Patience? I had zero patience then and I’m still working on it now, but, hearing Wale say those words on “Hold Your Applause,” the opening track of Wale’s Ambition album, it showed me that anything worth having takes time. Released two years prior was Wale’s debut album, Attention Deficit. The album’s opening numbers came in at a little over 28k units. Now, backed by MMG (Warner Bros) instead of Interscope, he sold over 164k in the opening week. That’s a significant change in numbers.

I couldn’t tell you where I was going at the time, but I knew it would be somewhere. I begin learning more about discipline and work ethic. I put forth an effort to embody the word ambition. No idea, but I possessed all the ideas; birthing my potential.

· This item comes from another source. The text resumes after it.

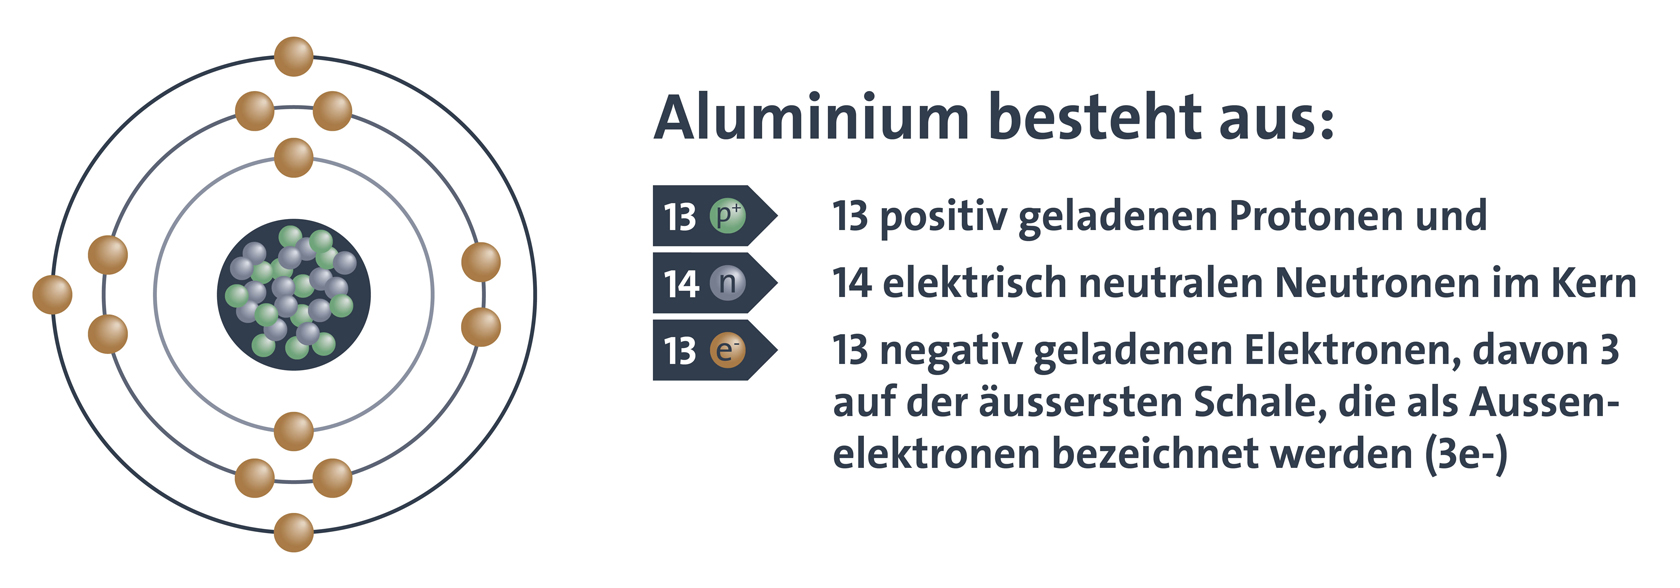 Aluminium besteht aus: 13 positiv geladenen Protonen und 14 elektrisch neutralen Neutronen im Kern und 13 negativ geladenen Elektronen, davon 3 auf der äussersten Schale, die als Aussenelektronen bezeichnet werden (3e-)

Yet, despite my goal to stay busy and earn as much money as possible, I couldn’t shake the sadness felt within.

Throughout high school, I played sports and rediscovered my passion for writing. I got away from that for roughly a year and landed right back during October of 2011. I remember telling my best friend at the time about new Drake tracks that are appearing online and suddenly felt galvanized to write again.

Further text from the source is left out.